私は、9年前に子どもを妊娠・出産しました。
視覚に障害があってもなくても、子どもを妊娠・出産することは一大イベントです。不安なことや分からないことがたくさん出てきて、友人や知人に相談したり、情報を調べたりしました。
この記事では、視覚障害の弱視(ロービジョン)である私が、妊娠・出産を経験して初めての赤ちゃん育児をする中で、やってよかったことをまとめました。

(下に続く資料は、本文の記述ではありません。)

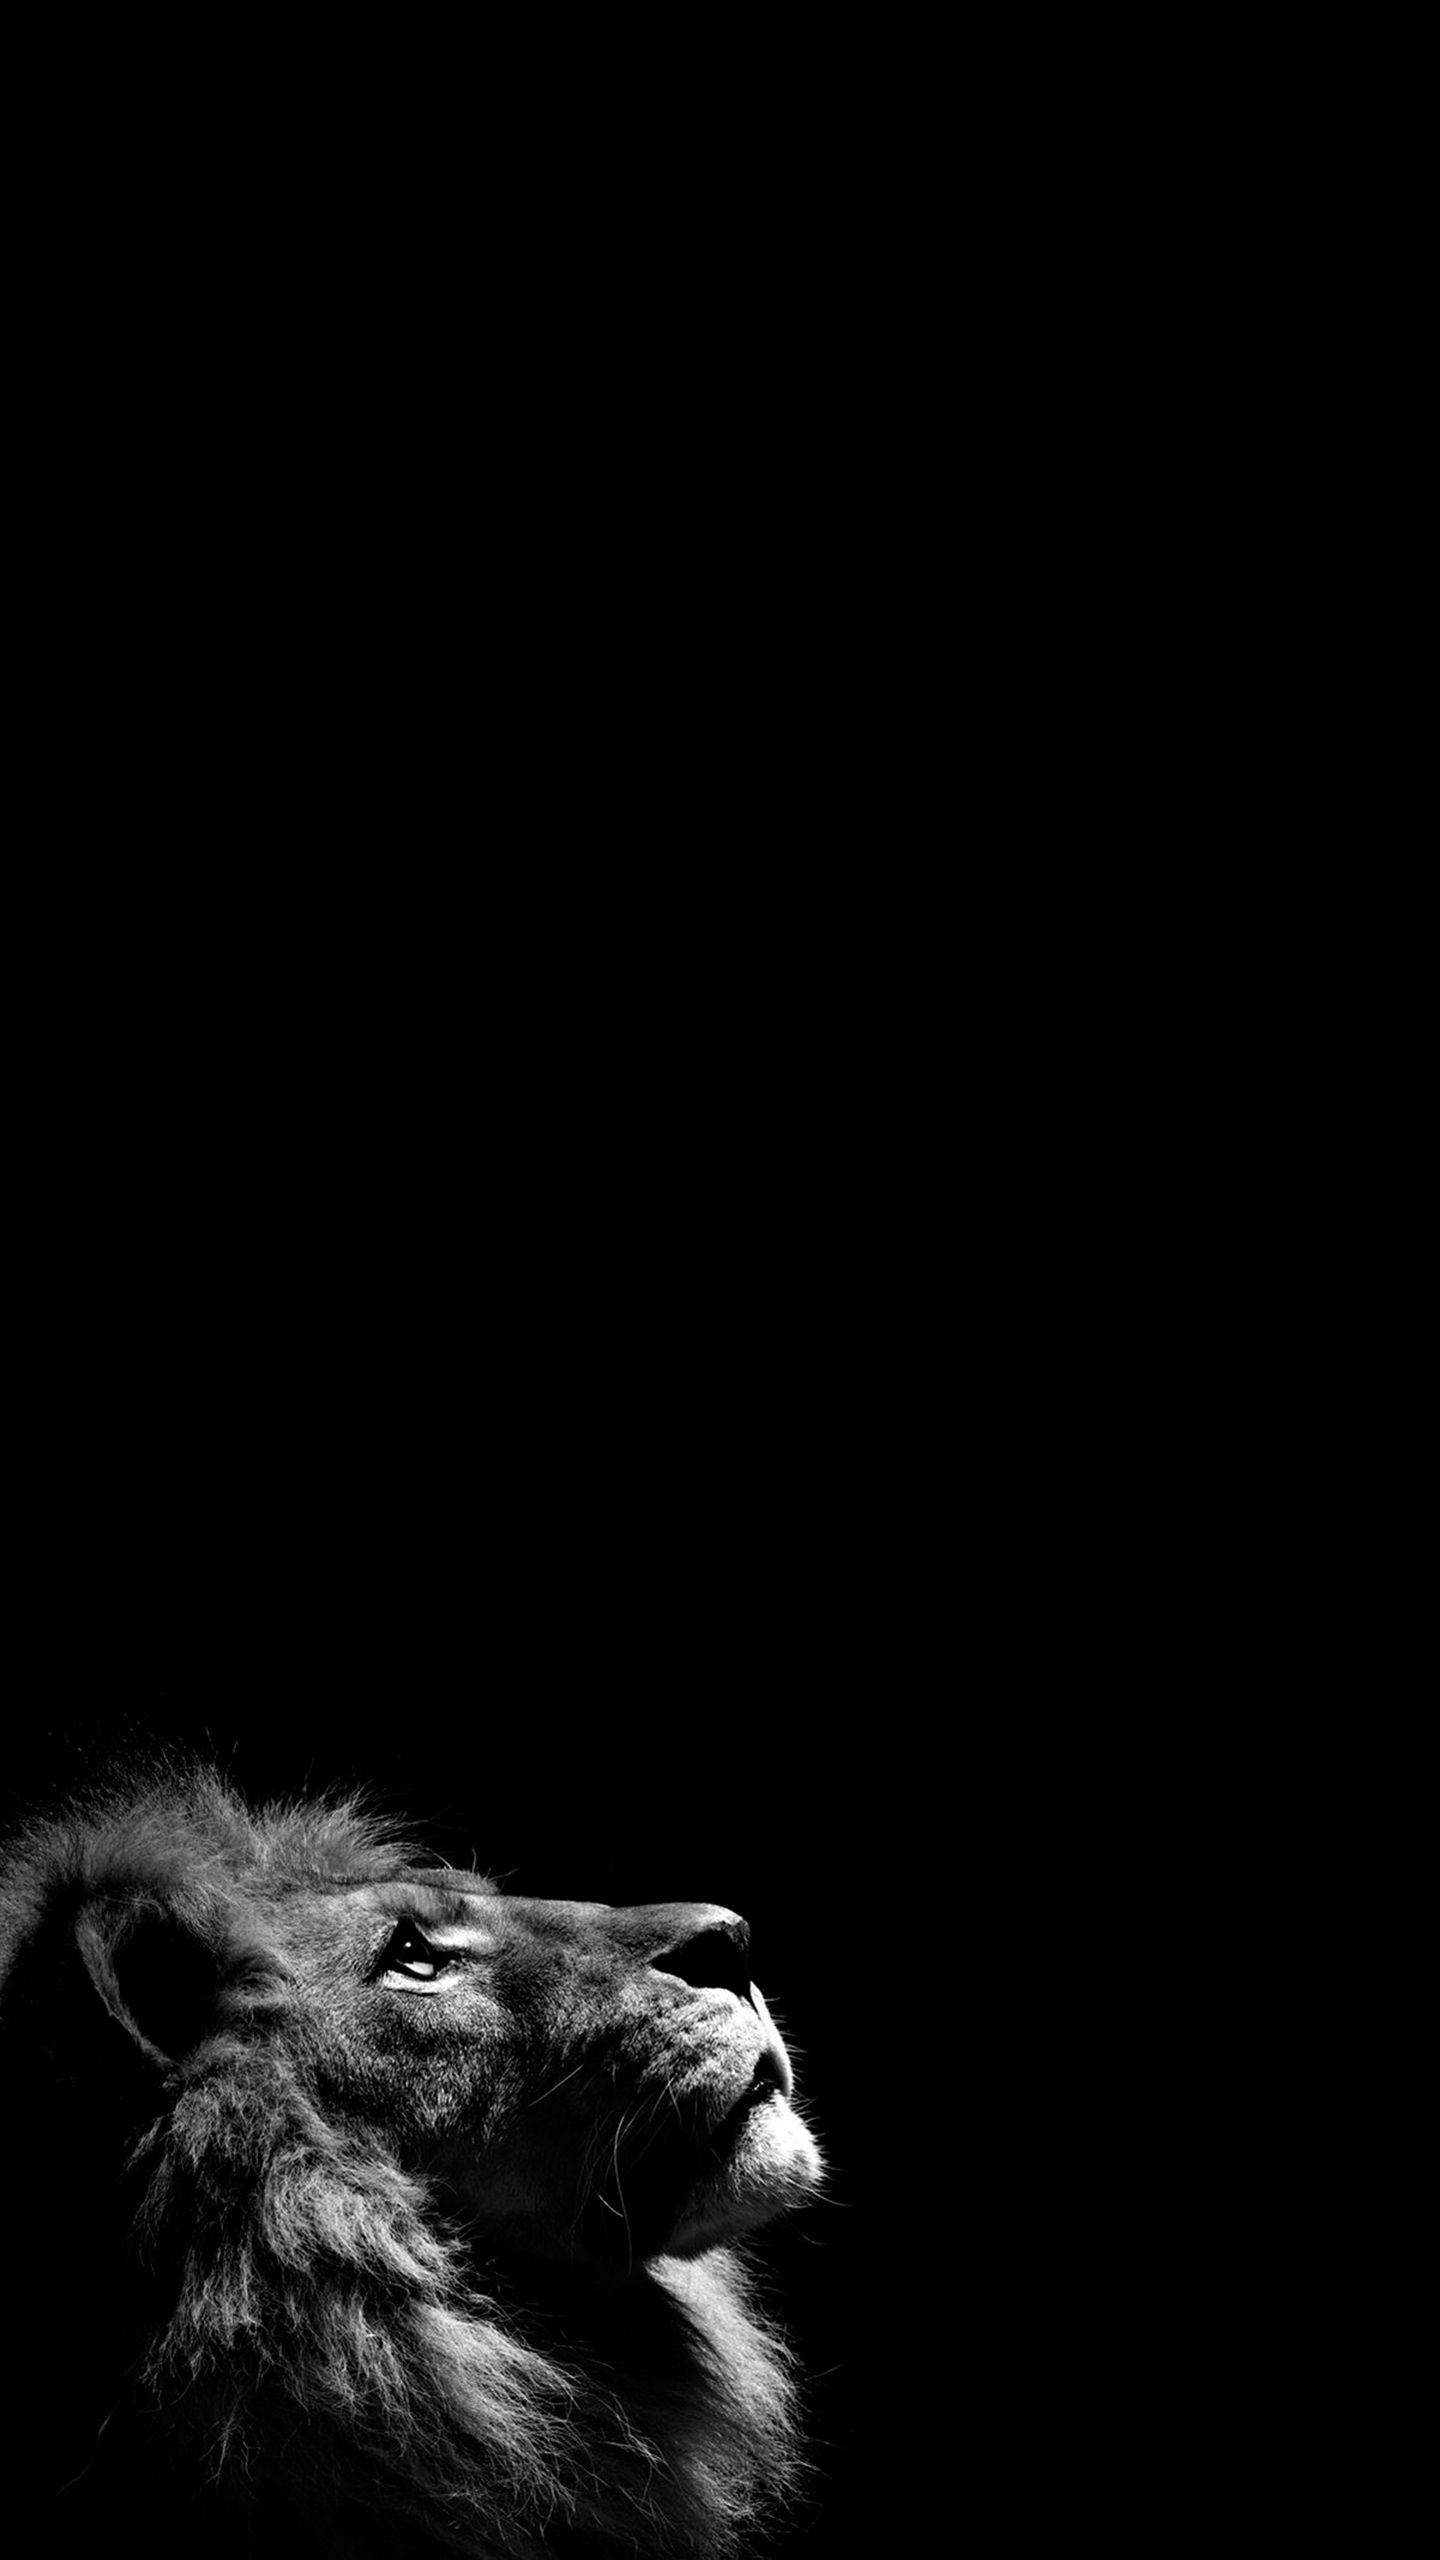 amoled screen wallpaper,black,white,black and white,monochrome photography,darkness
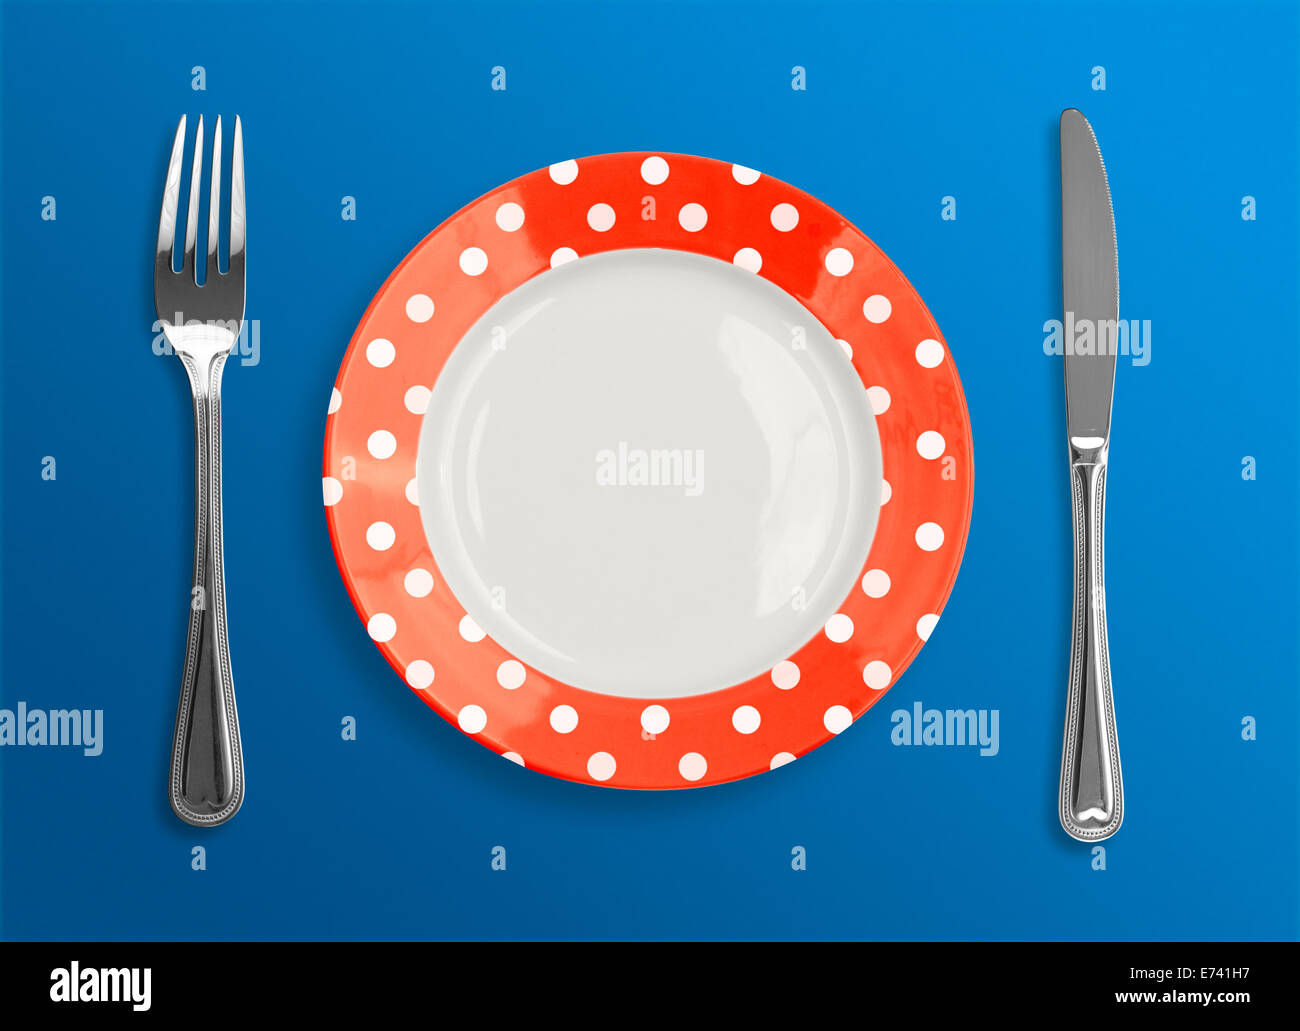 polka dot red plate with fork and knife top view on blue background Stock Photo

同じような悩みを抱える人たちの役に立てばうれしいです。
また、視覚障害のある母になる際に役立つ制度についても紹介します。
この記事がおすすめな人
- 視覚障害があってこれから妊娠・出産・育児を控えている人
- 視覚障害があって結婚や子育てに不安を感じている人
- 見えなくなっていく将来に不安や心配を感じている人
- 視覚障害がある家族や友人を持つ支援者で、視覚障害がある人がどのように制度を利用して妊娠・子育てを行っているかを知りたい人
ではさっそくやってよかったことを紹介します!
準備その1:同じ弱視の友人たちに会って話を聞く
お腹がだいぶ大きくなり、安定期に入った妊娠7か月頃、子どもの頃から親しくしている弱視の友人3人に会って食事をする機会がありました。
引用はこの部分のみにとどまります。